Пожалуй, именно эта «приватность» – как противоположность «идейности», которой не хватило критикам-реалистам у Копполы, – и является ключом для адекватного восприятия «Охоты на овец».
Сравним, как развиваются действия фильма и книги.
Точно так же, как в «Апокалипсисе», сюжет «Охоты» начинается в «этой» реальности, ближе к середине словно «ухает» в некую переходную «кроличью нору» (у Копполы это – река Меконг, у Мураками – «проклятый поворот» в горах), где довольно долго и мучительно пробуксовывает, а затем выворачивается в потустороннем, «зеркальном» мире. Там с героями происходит некое психическое перерождение – и лишь в эпилогах слабым росчерком пера и легким поворотом камеры авторы возвращают «измененных» героев домой.
Вопрос: зачем нужна такая долгая и сложная пробуксовка?

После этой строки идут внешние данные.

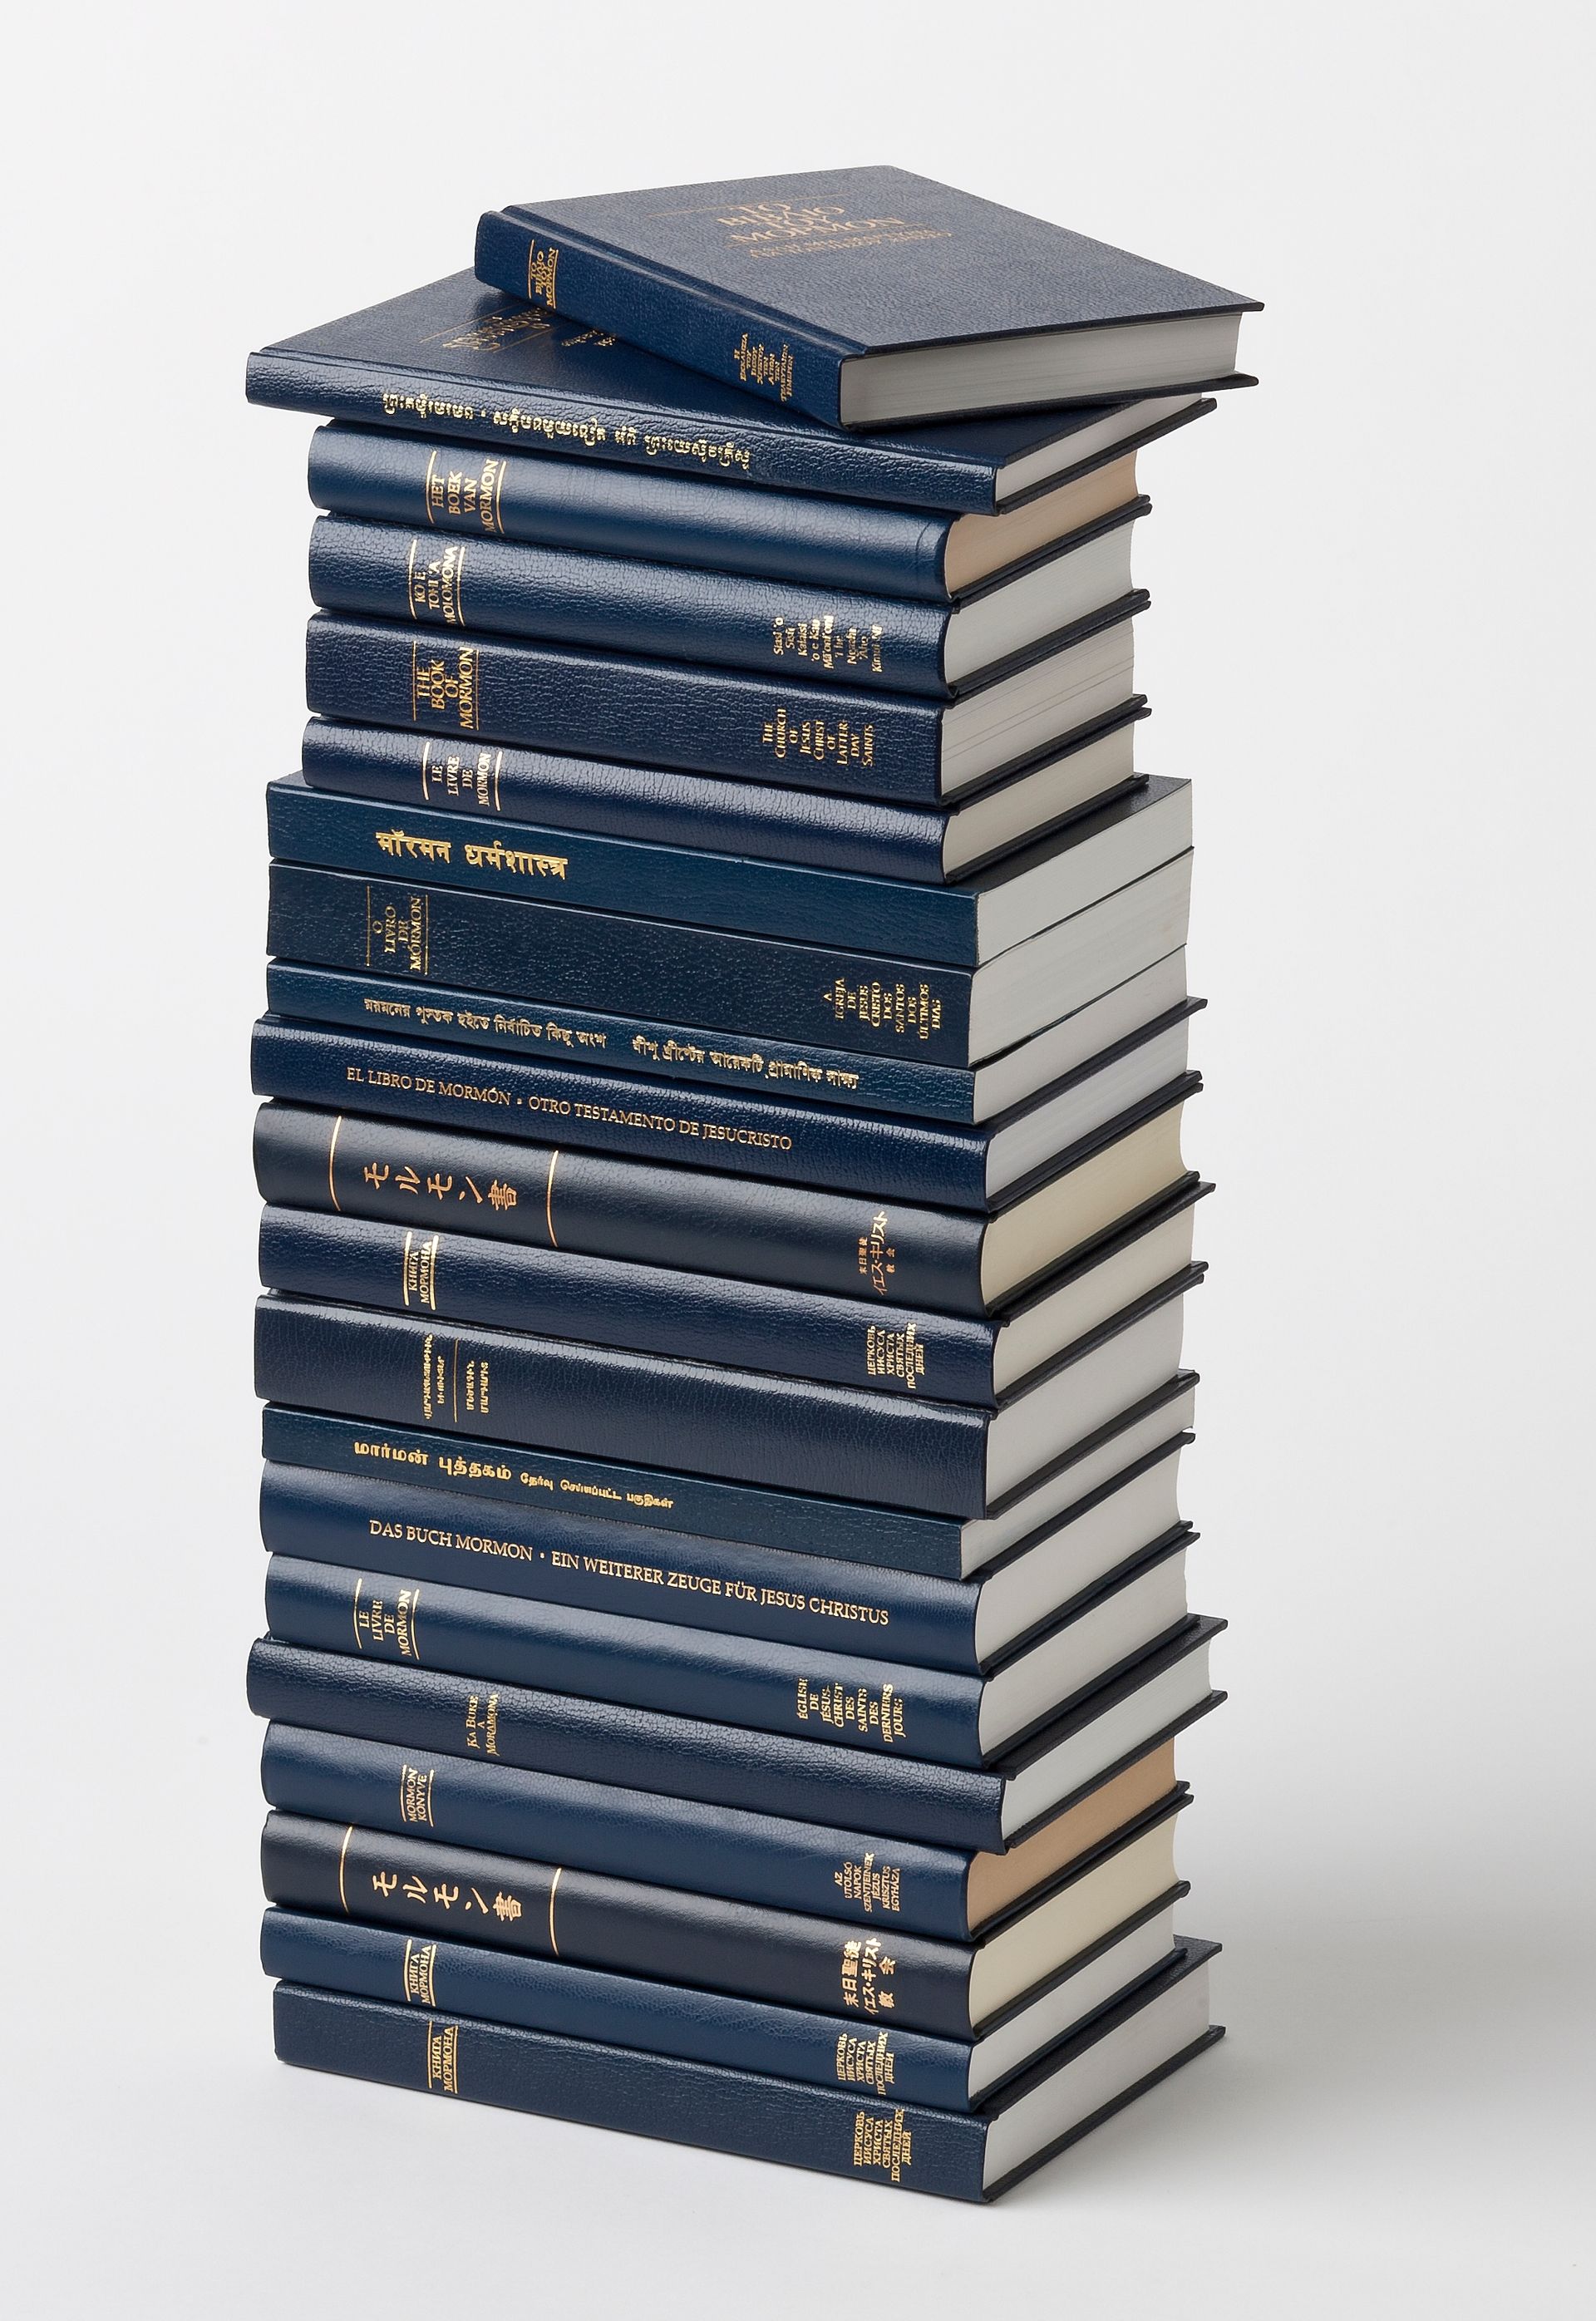 A stack of 21 copies of the Book of Mormon.
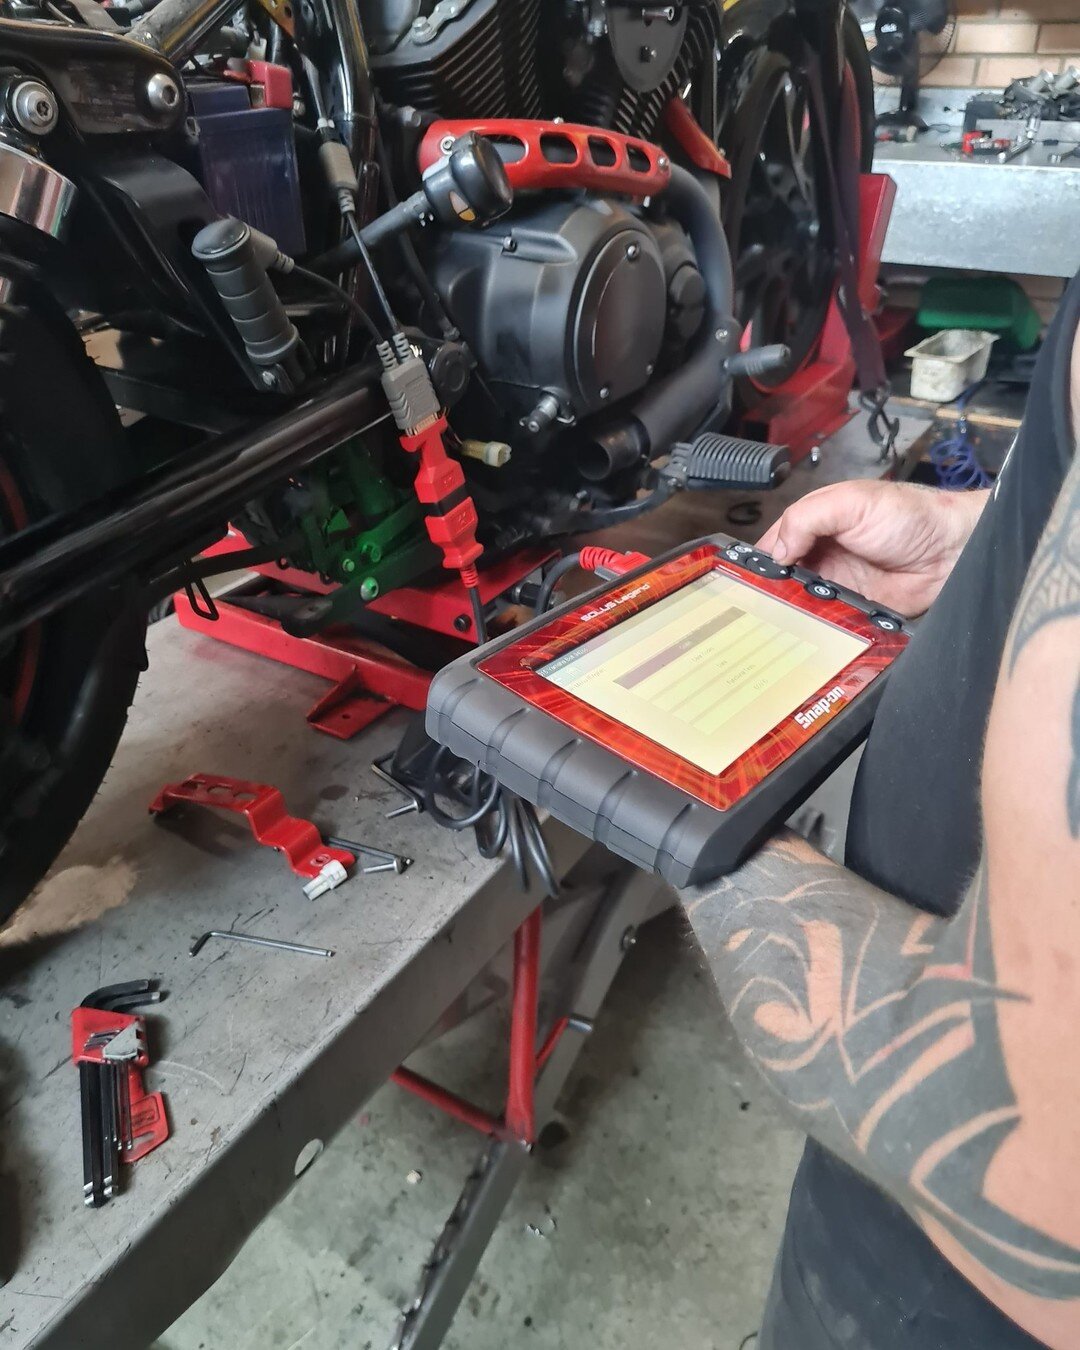 BLING BLING. We currently purchased a snap on solus edge diagnostic scan tool for motorcycles 😍 in this day and age it is becoming more and more needed. Thrive to be the best in our local area :)

Ответ: как раз затем, чтобы очиститься от Идеи. Чужой идеи в своей голове. Подчеркнем: ни капитан Уиллард, ни герой «Охоты» не лезли «в пекло», преследуя личные цели. Первый отправился убивать, выполняя приказ армии, в справедливость которой поначалу верил. Второй отправился искать Овцу (которая «никому еще счастья не принесла») наполовину под давлением Черного Секретаря, наполовину поддавшись уговорам подруги.
Именно постепенная потеря чужой Идеи (а еще проще – прочистка собственных мозгов) и происходит с героем «Охоты» на «проклятом повороте» по дороге в усадьбу покойника Крысы, а с капитаном Уиллардом – на реке Меконг по пути в тайную империю Куртца. Ибо ни в каком другом состоянии контакт со своим антиподом невозможен.
Но как ни крути – оба выполняли чужую волю, действовали в угоду чужой идее. А в этом случае «принцип Чандлера» срабатывает лишь наполовину: когда находишь то, что искал, чужая цель исчезает, а своей не появляется. Тебе достаются лишь Хаос, анархия и пустота.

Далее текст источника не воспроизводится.